Note: In contrast to non-generic method entrypoints, this section is image-wide for composite R2R images. It represents all generics needed by all assemblies within the composite executable. As mentioned elsewhere in this document, CoreCLR runtime requires changes to properly look up methods stored in this section in the composite R2R case.

Note: Generic methods and non-generic methods on generic types are encoded into this table and the runtime is expected to lookup into this table in potentially multiple modules. First the runtime is expected to lookup into this table for the module which defines the method, then it is expected to use the "alternate" generics location which is defined as the module which is NOT the defining module which is the defining module of one of the generic arguments to the method. This alternate lookup is not currently a deeply nested algorithm. If that lookup fails, then lookup will proceed to every module which specified READYTORUN_FLAG_UNRELATED_R2R_CODE as a flag.

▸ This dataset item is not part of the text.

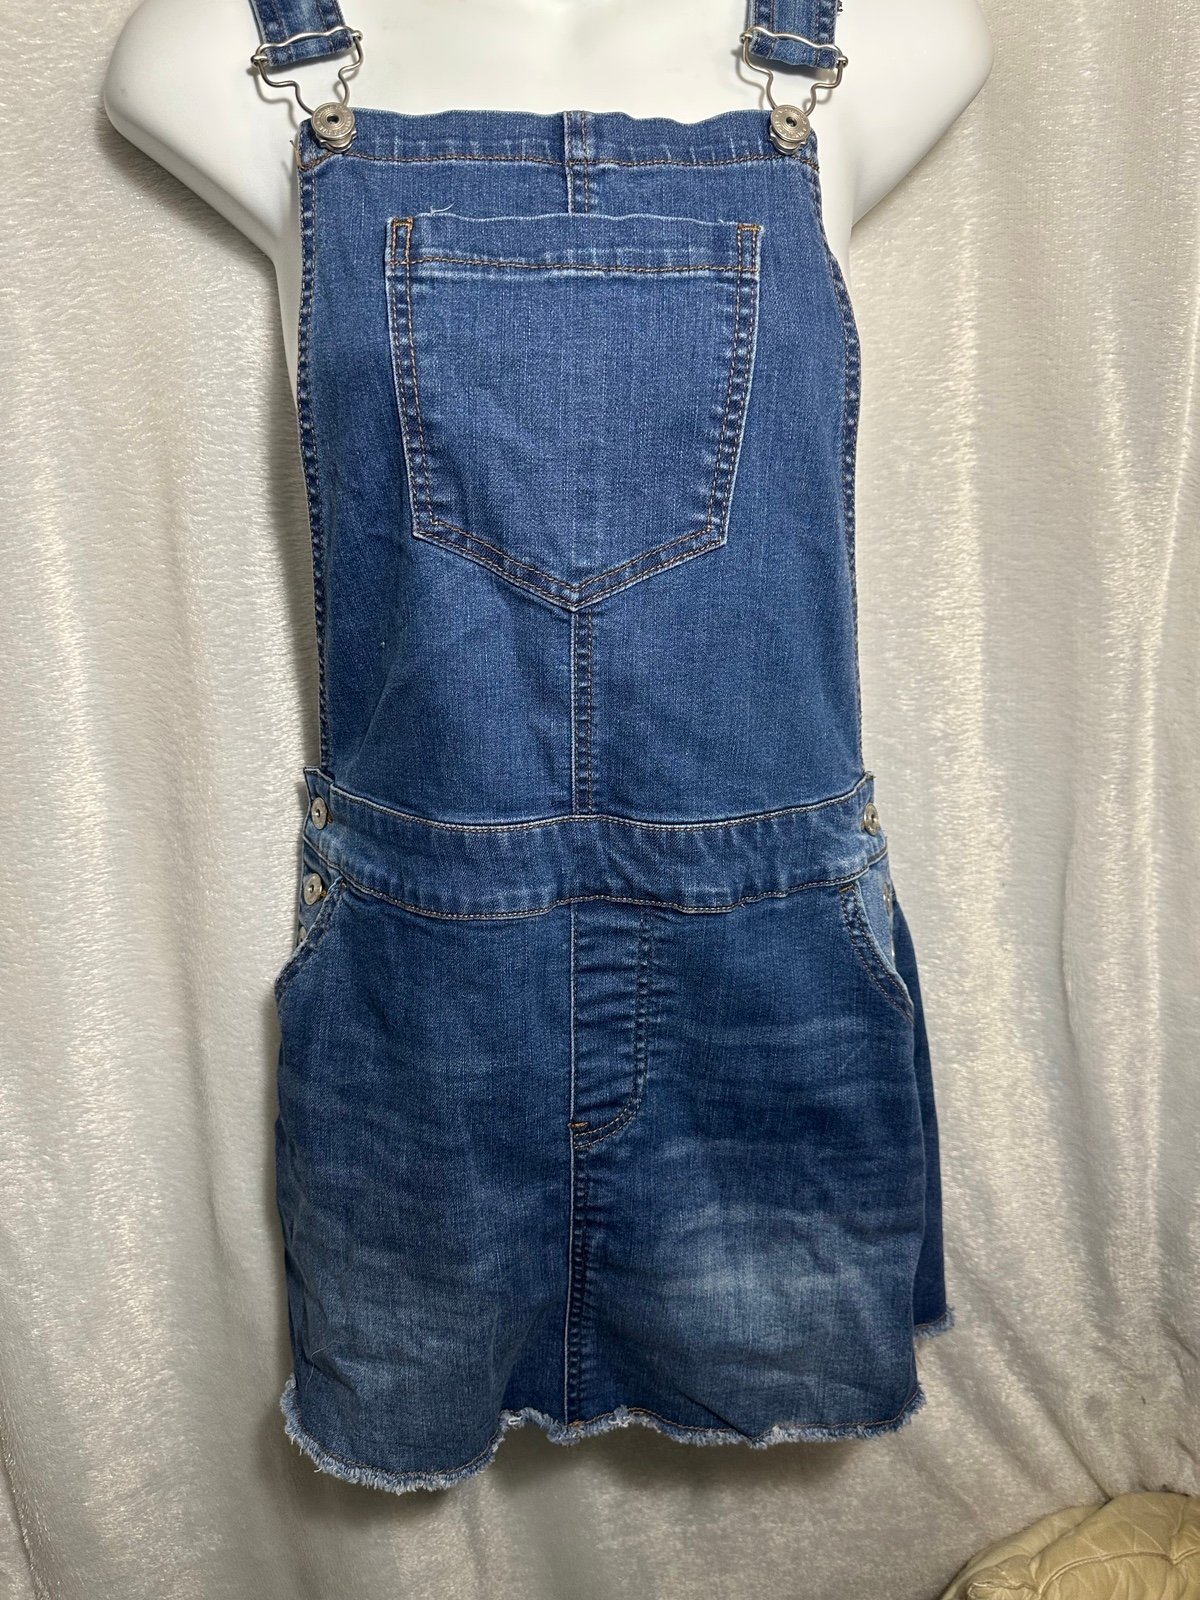 Classic Denim Overall Dress p0ZIXwEQy just for you

ReadyToRunSectionType.InliningInfo (v2.1+)

TODO: document inlining info encoding

ReadyToRunSectionType.ProfileDataInfo (v2.2+)

TODO: document profile data encoding

ReadyToRunSectionType.ManifestMetadata (v2.3+ with changes for v6.3+)

Manifest metadata is an [ECMA-335] metadata blob containing extra reference assemblies within the version bubble introduced by inlining on top of assembly references stored in the input MSIL. As of R2R version 3.1, the metadata is only used for the AssemblyRef table. This is used to translate module override indices in signatures to the actual reference modules (using either the READYTORUN_FIXUP_ModuleOverride bit flag on the signature fixup byte or the ELEMENT_TYPE_MODULE_ZAPSIG COR element type).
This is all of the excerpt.